Коротко вякнул сигнал вызова. Илья хитро подмигнул Лине, стал Жюлем Карне и включил приемник. С экрана смотрел Рыманов, хмурый и недовольный.
— Это ты? — Рыманов был слегка удивлен. — Ты делаешь глупости. Не забудь, что…
— Брось! — оборвал его Илья. — Не пугай! Лучше сам в этой заварухе что-нибудь не забудь… Не забудь, например, свалить все на Алкиноя. Мертвые сраму не имут!
— Откуда ты все знаешь? — Рыманов удивился еще больше. Но ненадолго.
— Благодарю за напоминание… А ты не забудь вернуться в Париж. Вздумаешь скрываться, все равно найду!..
Илья выключил приемник.
— Он хотел сказать, что от тебя идет сигнал, по которому он быстро сможет найти тебя, — проговорила Лина. — Но решил не говорить… А я погасила этот сигнал, когда мы улетали из Гринкоуста. Мне показалось, что ты о нем не знаешь, а когда узнаешь, он тебе не понравится.
Илья посмотрел на нее с восторгом и благодарностью.

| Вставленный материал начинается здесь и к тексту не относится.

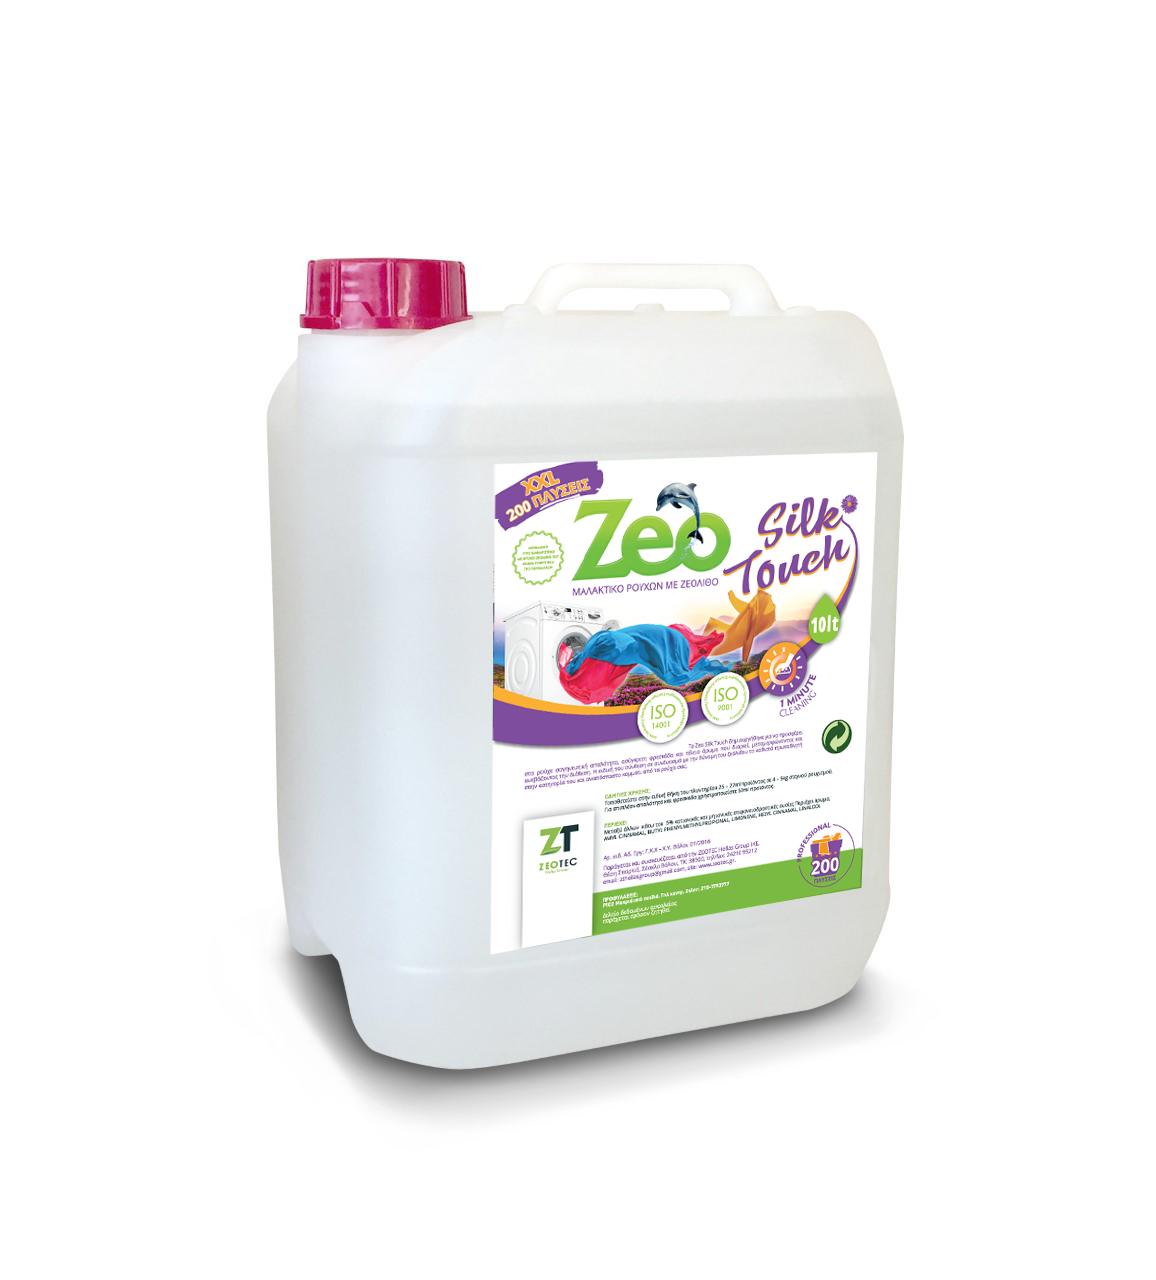 Zeo Silk Touch - Μαλακτικό πλυντηρίου ρούχων με άρωμα λουλουδιών και νότες Ανατολής 10lt

— Я бы не смог… — начал он.
И не договорил, потому что «джампер» исчез, а вокруг возникла чернильная темнота. И сквозь окруживший его мрак Илья увидел, как над островком, мимо которого они недавно пронеслись, вытянулись в разные стороны огненные стрелы. Словно расцветающий бутон вырос из океана. Бутон лез вверх, стремился в небо, а Илья разглядывал странные лепестки, пронзающие атмосферу, и отчетливо понимал, что Землю украсил цветок смерти. Потому что лепестки над океаном на самом деле вовсе на были лепестками. Потому что это оказались Анхель, Сковородников и так и оставшийся безымянным лысый. Потому что это оказались Кшижевский, Рыманов и Гиборьян. И Глинка был тут, и Артур, и Бакстер. И дядя Ваня, и отец, и десятки других, живых и мертвых, предавших и продавших его, Илью Муромова, давно или недавно. И даже мама…
Они уходили все дальше и дальше, предавая его в последний раз, а Илья был бессилен что-либо изменить. Он снова раздваивался, как тогда, с Линой… Или тогда раздваивался не он?.. Все было странно, ярко и невесомо, и было ясно только, что его альтер эго на этот раз — Жюль Карне.
Ты понимаешь происходящее там, спросил Жюль, глядя на огненные стрелы.
Да! Ультиматум все-таки реализуется, ответил Илья.
Начнется большая заваруха, сказал Жюль. Ты сможешь скрыться.
Да, теперь это будет несложно, сказал Илья.
И таких, как ты, станет очень много. Очень-очень…
Наверное. Но меня это не радует.
Почему?
Потому что станет меньше таких, как ты. И с каждым поколением число их будет уменьшаться.
А тебе что до этого? Ведь такие, как я, сломали твою жизнь. И не только твою…
Да, сломали. Но они были людьми, и большинство из них не ведали, что творят.
Что тебе до них? Ты-то ведь не человек, сказал Жюль.
Неправда, я тоже человек, сказал Илья. Но таким, как я и Лина, нет места в этом мире.
В этом — нет! Но в том, какой возникнет после реализации Ультиматума
— будет…
А тебе не жаль этого, пока еще существующего, спросил Илья.
Жаль, сказал Жюль. Но это мир Рыманова, а Рыманов заслужил подобный конец. Я, пожалуй, даже рад, что жить ему осталось всего несколько десятков минут и никто уже ничего не сможет изменить.
Ты ошибаешься. Я смогу!
Ты?!!
Я! Ведь я же не человек. Ты сам сказал… А моя нечеловечность кое-чего стоит.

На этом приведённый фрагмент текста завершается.